Does floodlight record different metadata for event and tracking data? (e.g. frame rate)
Does floodlight not support z coordinates?
I noticed In some xy_objects we have "HT1" "HT2" (e.g. second spectrum) and in others we get "firstHalf" and "secondHalf" (e.g. in IDSSEDataset). Does this matter?
For events:
- What is the purpose of eID and would it matter if we simply use kloppy EventType for this?
- Is gameclock seconds since start of period?
- Is outcome 1.0 and 0.0?
- How much would it matter if timestamp is not a datetime, but a timedelta instead?
- Is qualifier simply the raw event we get?
Tests are still missing

manuba95

Hey @UnravelSports!
Thanks for the suggestion and the PR, I think this would add a lot of value to both Kloppy and floodlight! I added some specific comments below (mostly cosmetic) but also have some general ideas we should consider before a merge.

My main concern is that this is currently very taylored towards a two-team (home/away) scenario. Although this may be the use case for many official data providers, future GPS/LPS data support of Kloppy may result in different team (and period) constellations. I think it's worth thinking about how to generalize this PR now, so any number of groups and periods can be supported. I also left some comments about this below, but please let me know what you think about this as this would probably be the largest refactoring of your PR!

To answer your questions:

I think "precedence" was used specifically in the secondspectrum parser to have a rule on how the xIDs are sorted. This seems to be a legacy from my point of view since the introduction of Teamsheets. But I have to say, I was not involved in this parser so maybe I am missing something. I generally don't see any value of adding this logic to the kloppy bridge.
We don't rely on a specific orientation but that the x-axis is the longer side of the pitch
No, the origin of the Pitch coordinate system gets defined by the x/ylim argument. The scale can be set by the length/width and unit arguments. Also see my comment below regarding the get_pitch function.
I am not sure I understand the question. For the first creation of the XY array we need the number of players an number of frames. The latter could be extracted from the first and last frame ID or (as you do) from the length of the df. Please elaborate if this doesn't answer your question.
Yes, different metadata is stored as attributes of the Core objects (e.g., framerate is an attribute of the XY object). But I don't think they would differ between data from the same provider (e.g. framerate in XY and possession Code from the same provider should be the same)
We do not support z coordinates
Yes, I commented on that below as well. We are currently not very consistent with the period naming. I think for now it does not matter to much but streamlining this terminology could be a future project, For now, you could go with the terminology used in Kloppy ("Period_1" or similar). Honestly, I currently don't have a really strong opinion on this.
Events: I will comment on this later!
Tests: We currently don't include unit tests for our parsers mainly for data availablity reasons (which is not optimal!). Some ideas on how to test the kloppy bridge would be appreciated!

General minor comments:

Please merge into develop and add conventional PR name (e.g., "feat: Kloppy integration")
Please check codestyle with Black and flake8

Thanks again for your work, I hope we can include this soon!

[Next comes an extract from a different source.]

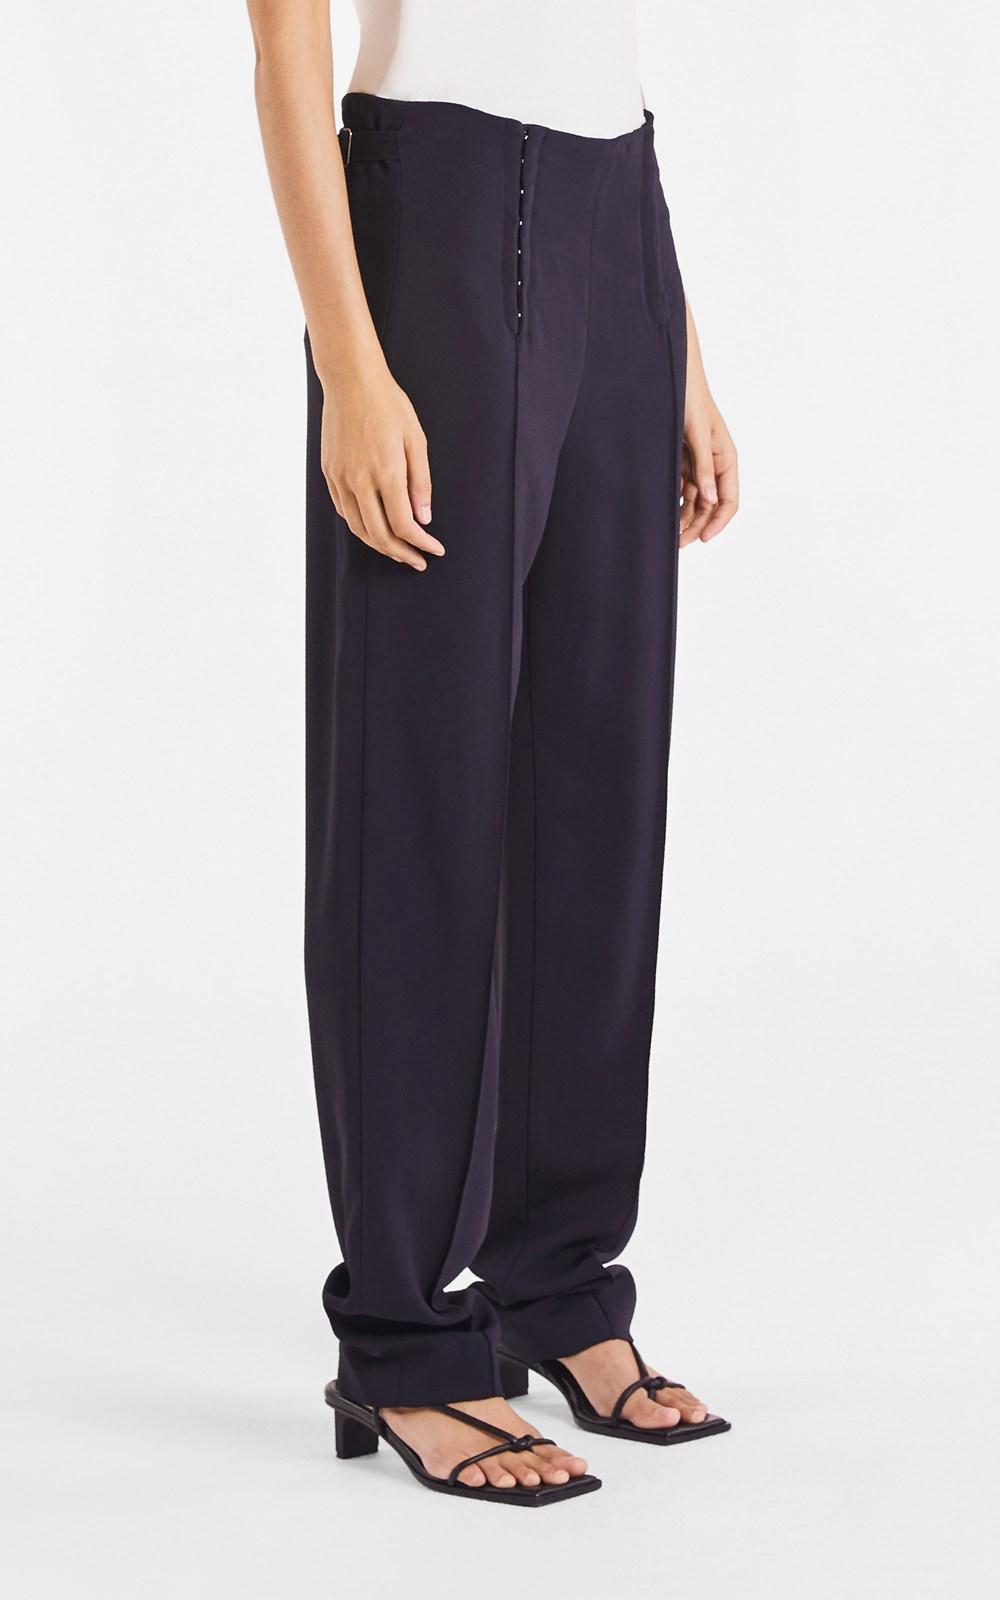 Pants | CORSET TROUSER

manuba95 · 2025-07-03T14:31:43Z

floodlight/io/from_kloppy.py

@@ -0,0 +1,577 @@
+from floodlight import Teamsheet, Code, XY, Pitch


Please reorder imports: standard, third party, local. Then alphabetically.

Please also reorder the functions to main/public first, private below

manuba95 · 2025-07-03T14:35:45Z

floodlight/io/from_kloppy.py

+    pitch: Pitch
+        Pitch object with actual pitch length and width.
+    """
+    from kloppy.domain import AttackingDirection


Is there a good reason I'm missing to have the imports within the function calls? I don't think calling anything from this module makes sense without having kloppy installed, right? Would it make sense to put all kloppy imports to the top of the file while also checking if its installed?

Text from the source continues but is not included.